INFORMATION PROVIDED:
• • • • •
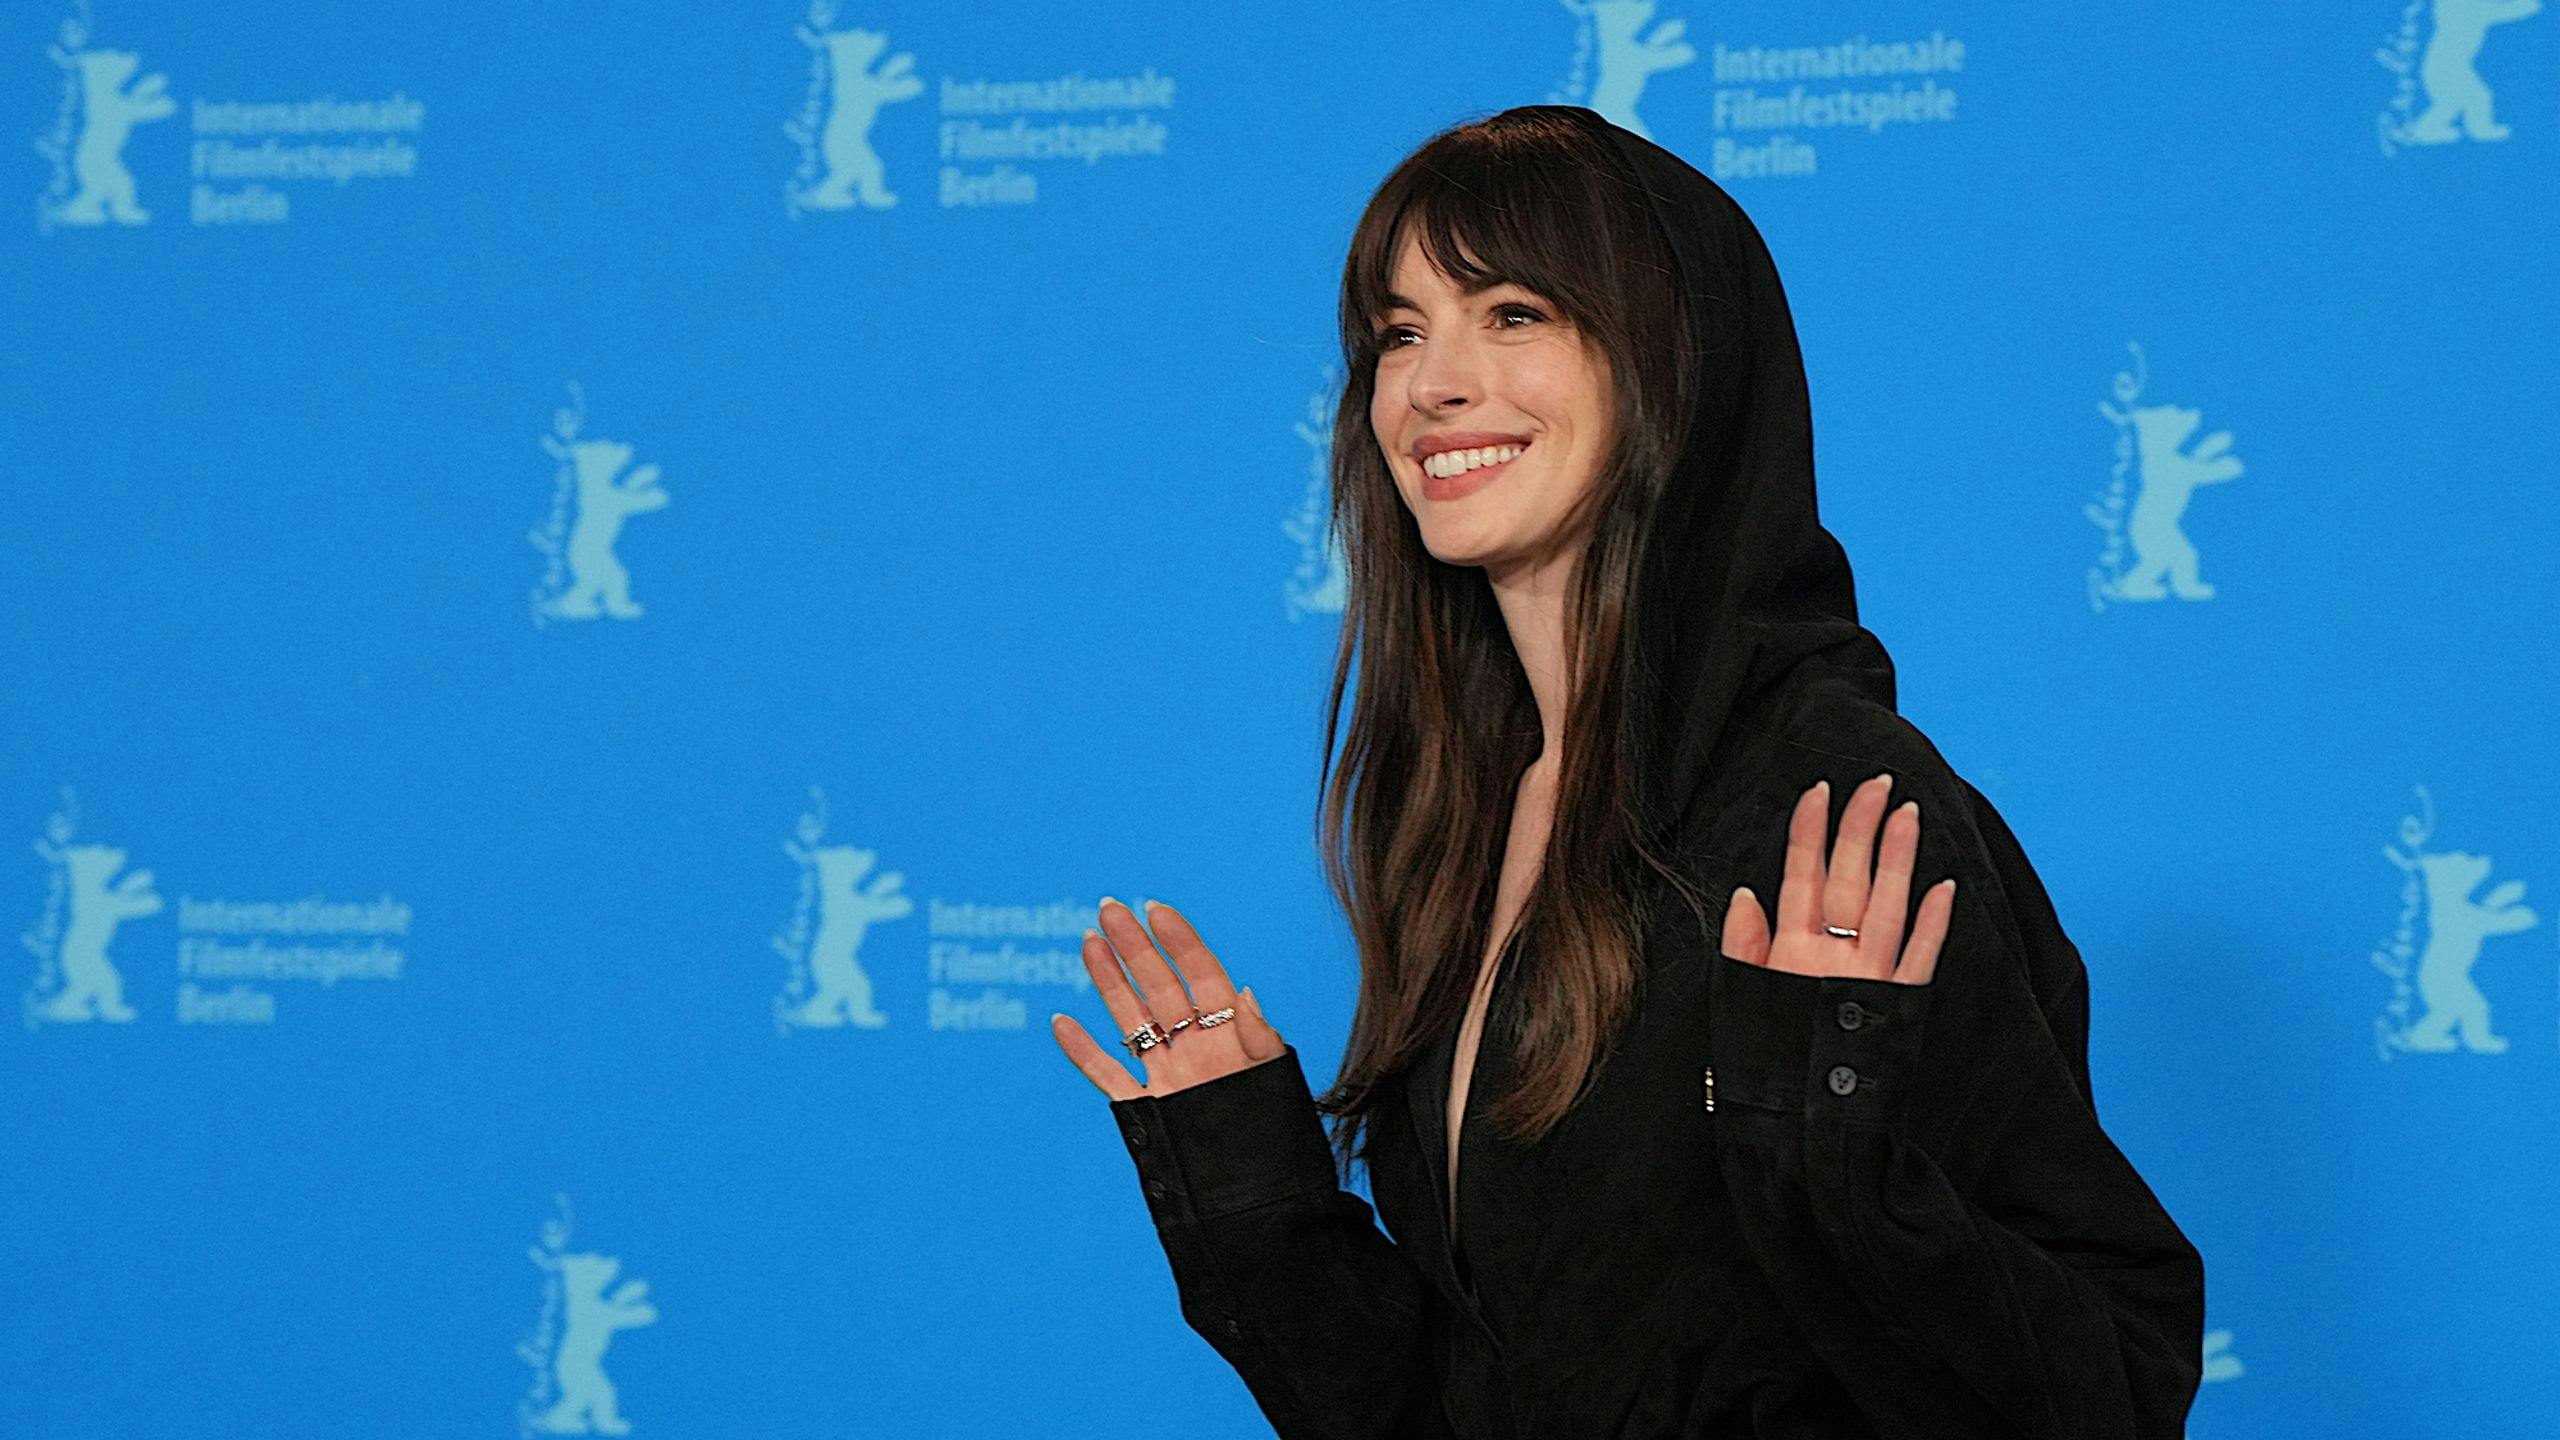 La actriz Anne Hathaway saluda a los fotógrafos durante el photocall de la película 'She came to me' en la Berlinale
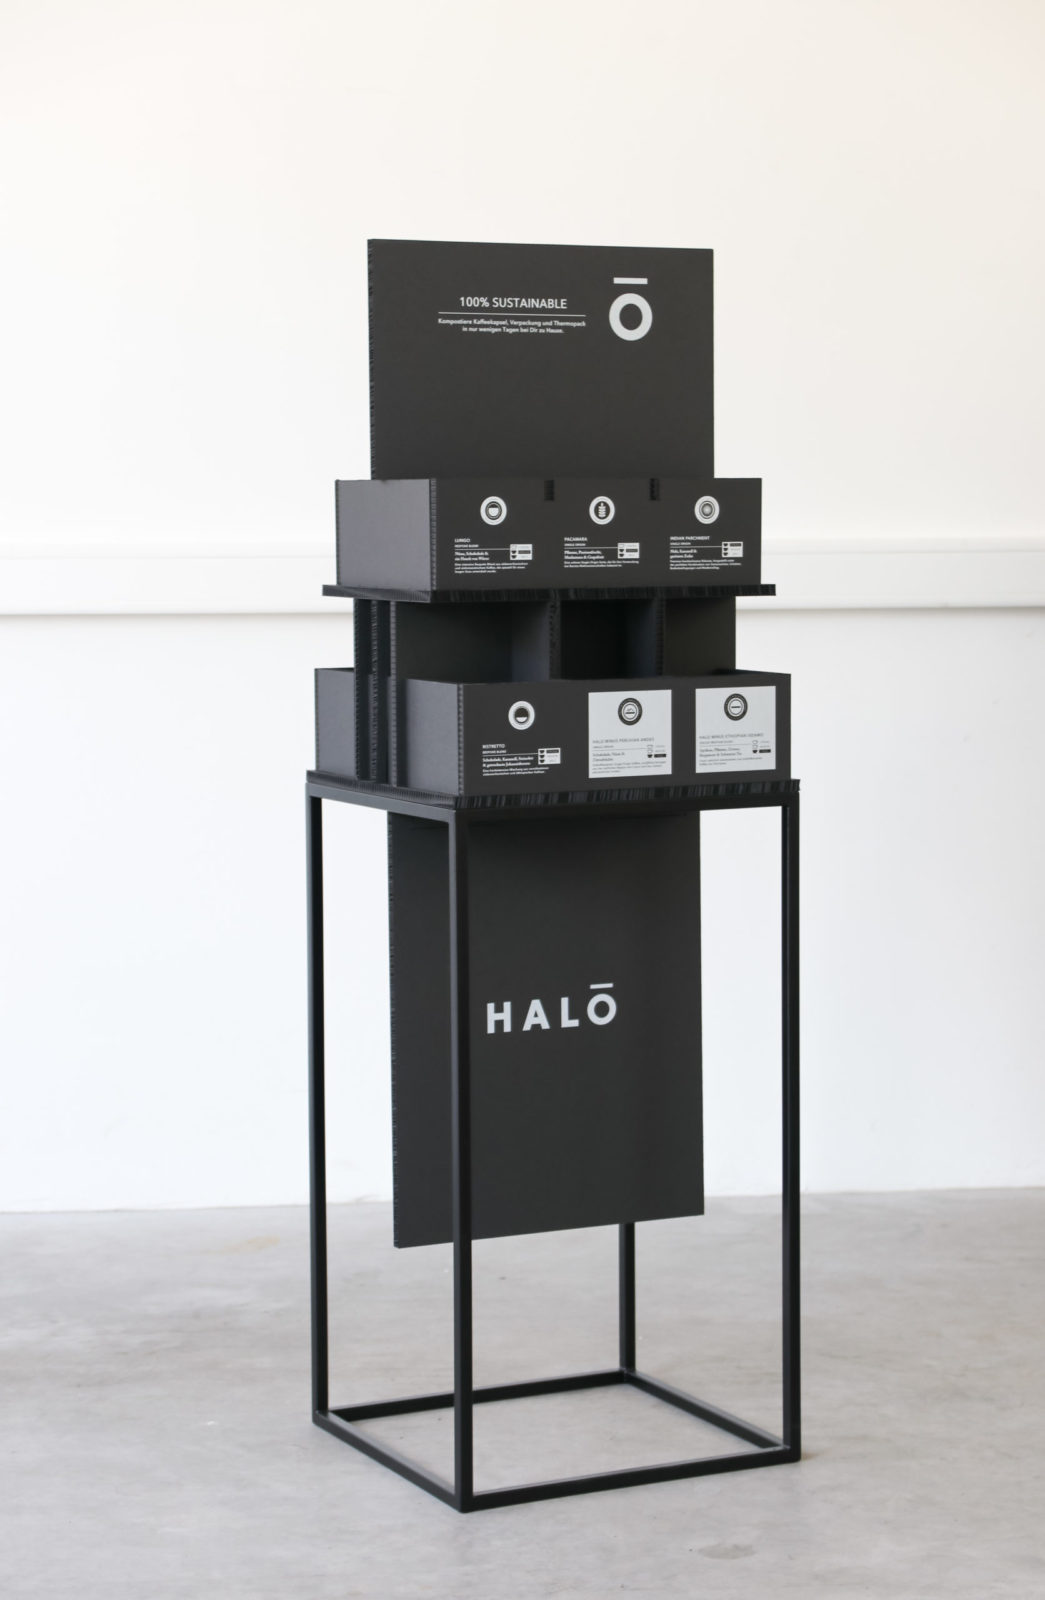 Warenpräsentation, HALO Coffee, Display für biologisch abbaubarer Kaffeekapseln, Wabenkarton, schwarz, mit Produkten und informativer Bedruckung
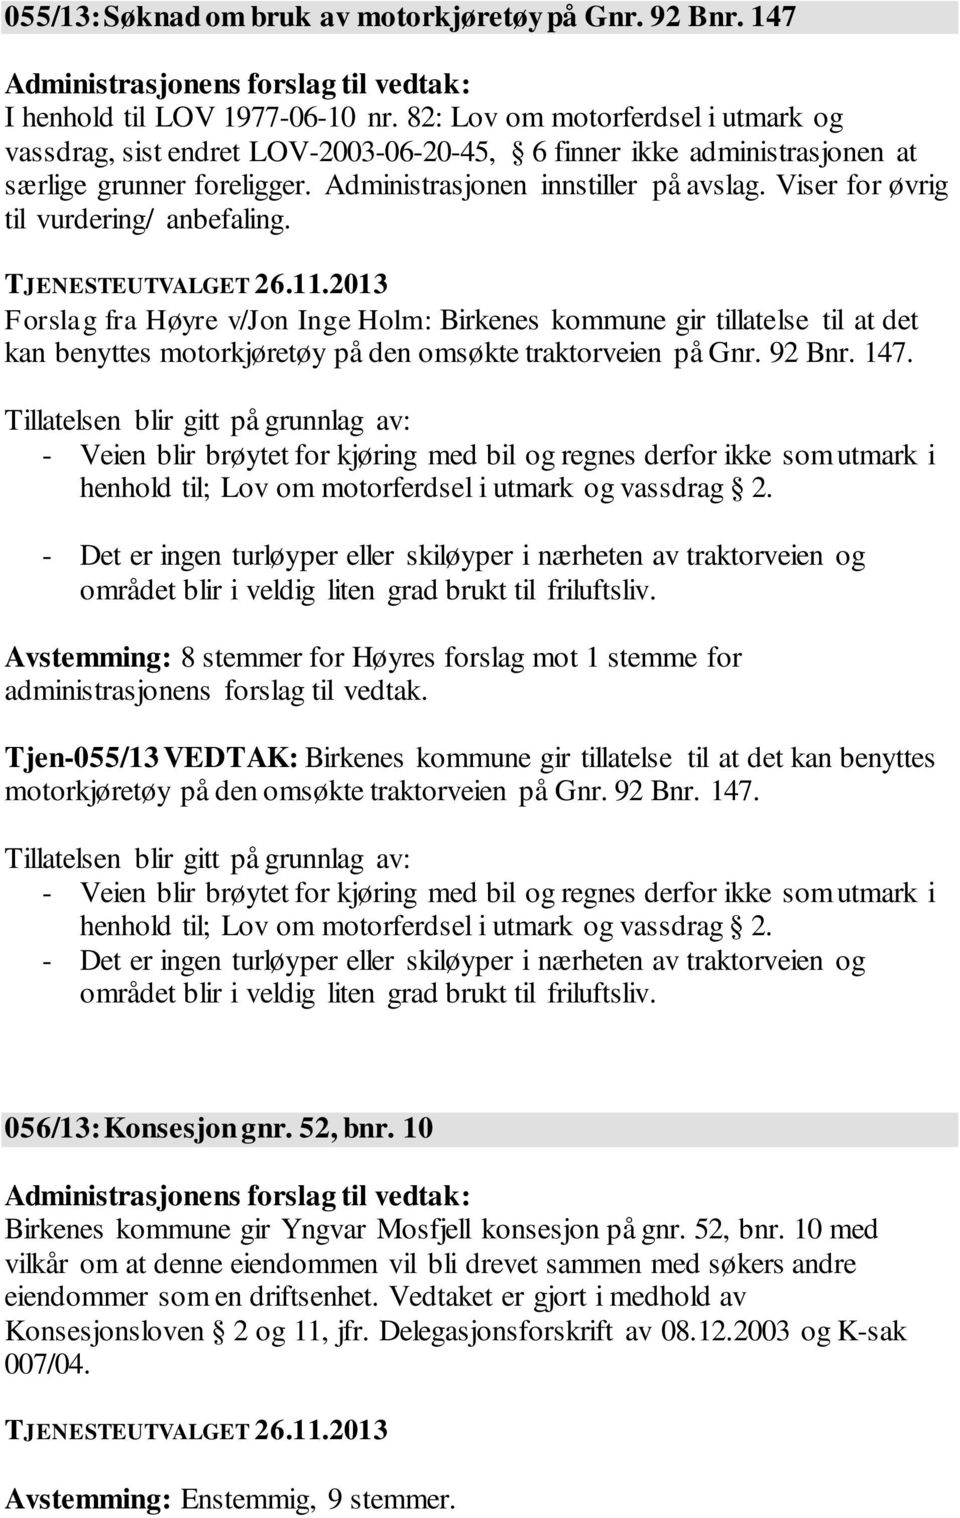 Viser for øvrig til vurdering/ anbefaling. Forslag fra Høyre v/jon Inge Holm: Birkenes kommune gir tillatelse til at det kan benyttes motorkjøretøy på den omsøkte traktorveien på Gnr. 92 Bnr. 147.
• • • • •
TASK OBJECTIVE:
Transcribe the listing above in full and exactly; no pictures belong in the copy.

RESPONSE TO THIS TASK:
 La actriz Anne Hathaway saluda a los fotógrafos durante el photocall de la película 'She came to me' en la Berlinale
 Warenpräsentation, HALO Coffee, Display für biologisch abbaubarer Kaffeekapseln, Wabenkarton, schwarz, mit Produkten und informativer Bedruckung
 Viser for øvrig til vurdering/ anbefaling. Forslag fra Høyre v/jon Inge Holm: Birkenes kommune gir tillatelse til at det kan benyttes motorkjøretøy på den omsøkte traktorveien på Gnr. 92 Bnr. 147.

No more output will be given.